I did find the "last known" and it didn't change anything, the mouse is still frozen. Thanks you for your help! I'll keep trying stuff!
Joe


----------



## BCCOMP (Jul 9, 2007)

At this point you could try a USB mouse and Keyboard to see if it will work (It may as they have different drivers).
But, I think the Registry is courrupted. I do not know what proceedure you used to clear the Upper/Lower filters for you CD-Rom:4-dontkno, but obviously it did not work.
You could also try a REPAIR Install, but I have a feeling you will NOT beable to have access to the Keyboard or Mouse:
http://www.michaelstevenstech.com/XPrepairinstall.htm

Other than this (If the repair does not work) you may have to do a complete CLEAN Install:
http://www.michaelstevenstech.com/cleanxpinstall.html.
In either case you still may retrieve your personal data by slaving the HD to a working PC BEFORE you do anything.
Bill


----------



## Zootalures (Nov 20, 2008)

BCCOMP said:


> At this point you could try a USB mouse and Keyboard to see if it will work (It may as they have different drivers).
> But, I think the Registry is courrupted.
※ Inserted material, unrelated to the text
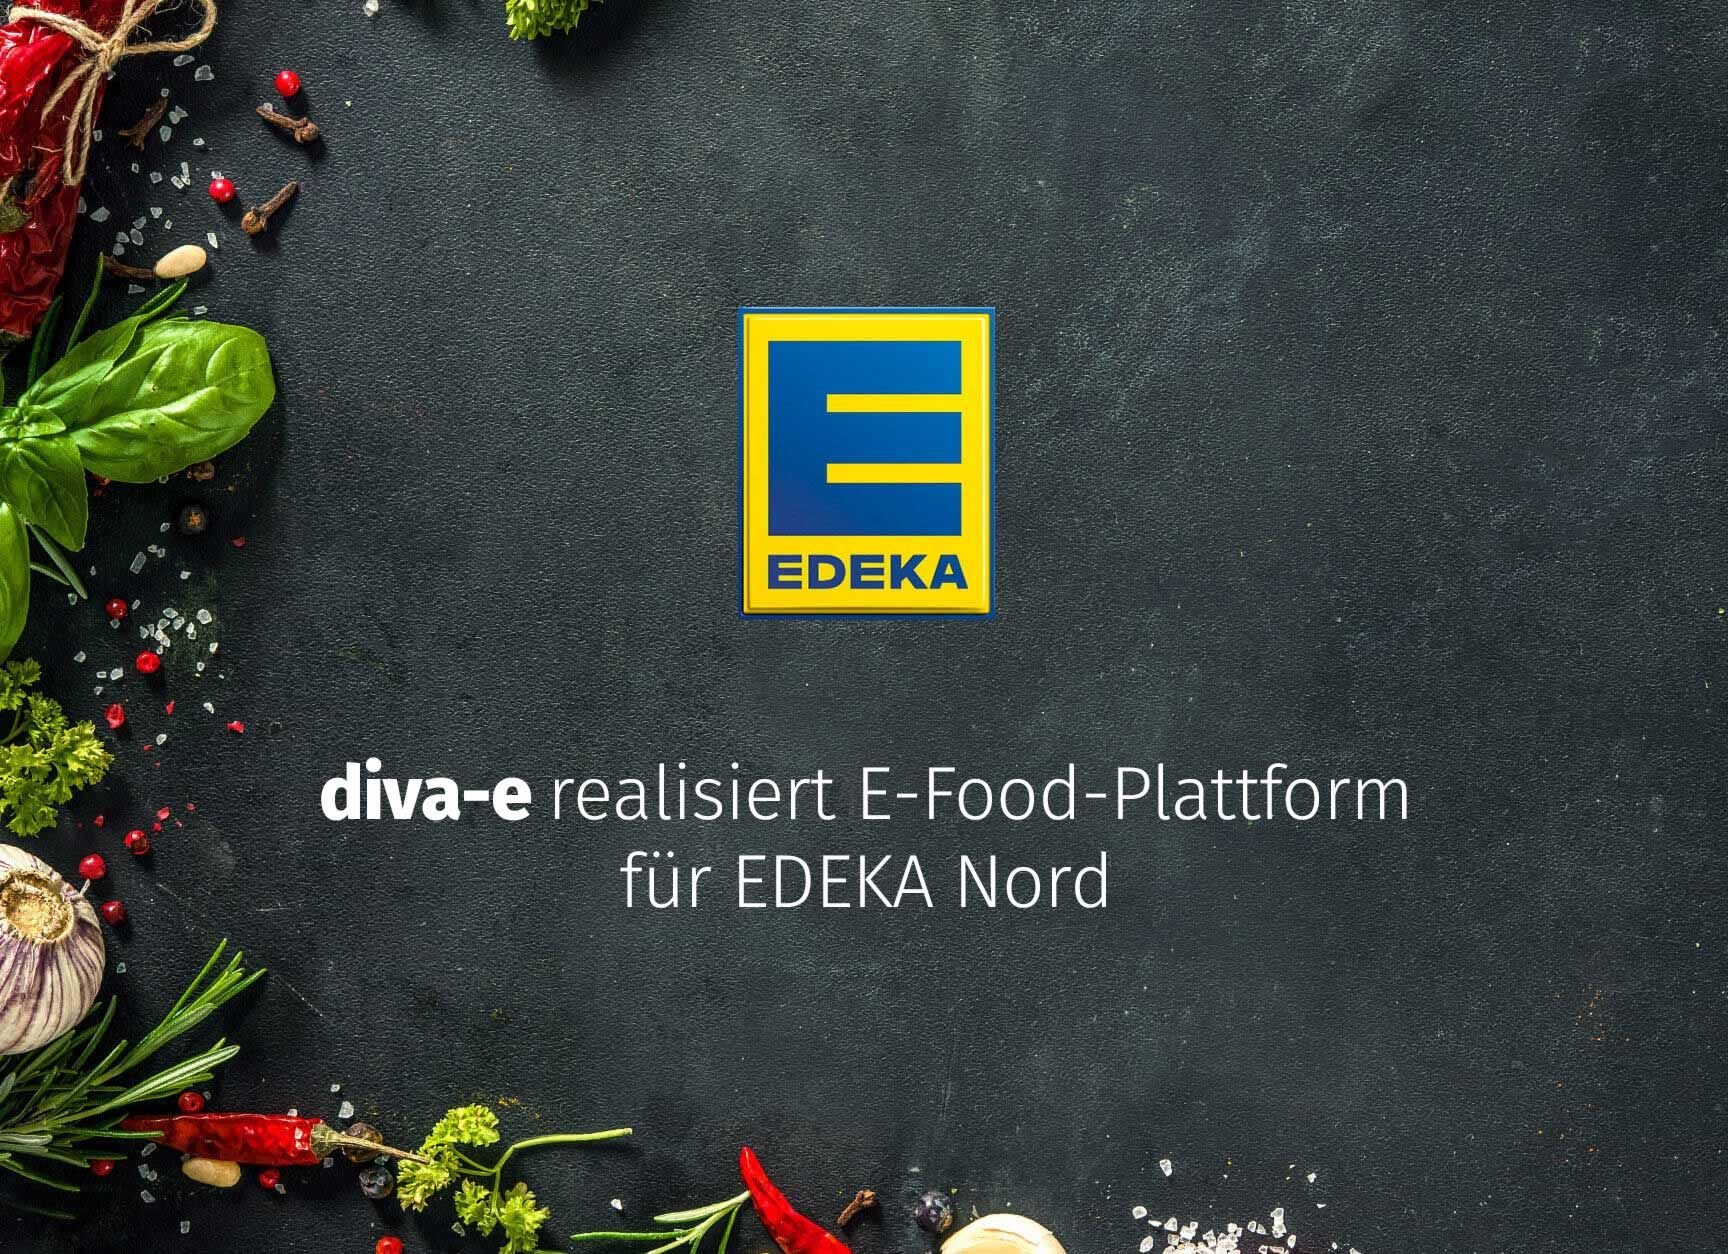 E-Food-Plattform für EDEKA Nord

I do not know what proceedure you used to clear the Upper/Lower filters for you CD-Rom:4-dontkno, but obviously it did not work.
> You could also try a REPAIR Install, but I have a feeling you will NOT beable to have access to the Keyboard or Mouse:
> http://www.michaelstevenstech.com/XPrepairinstall.htm
> ...



Bill, thanks for your advice and efforts! I tried a USB mouse yesterday as well as another plug in mouse, no go. When I deleted the upper and lower filters I merely followed the instructions on a microsoft file. My computer genius buddy can't look at it until the weekend so I thought I'd give it my best shot in the mean time. He usually hits a few keys drinks all my beer and we're back on track! 
Again, thank you for all your advice, good advice at that!
Joe


----------



## BCCOMP (Jul 9, 2007)

Hi Joe:wave:,
I am kinda out of ideas on this one.
So I am going to do what your friend does :4-cheers::4-cheers::4-cheers:
Keep me posted on the results.
Bill:grin:


----------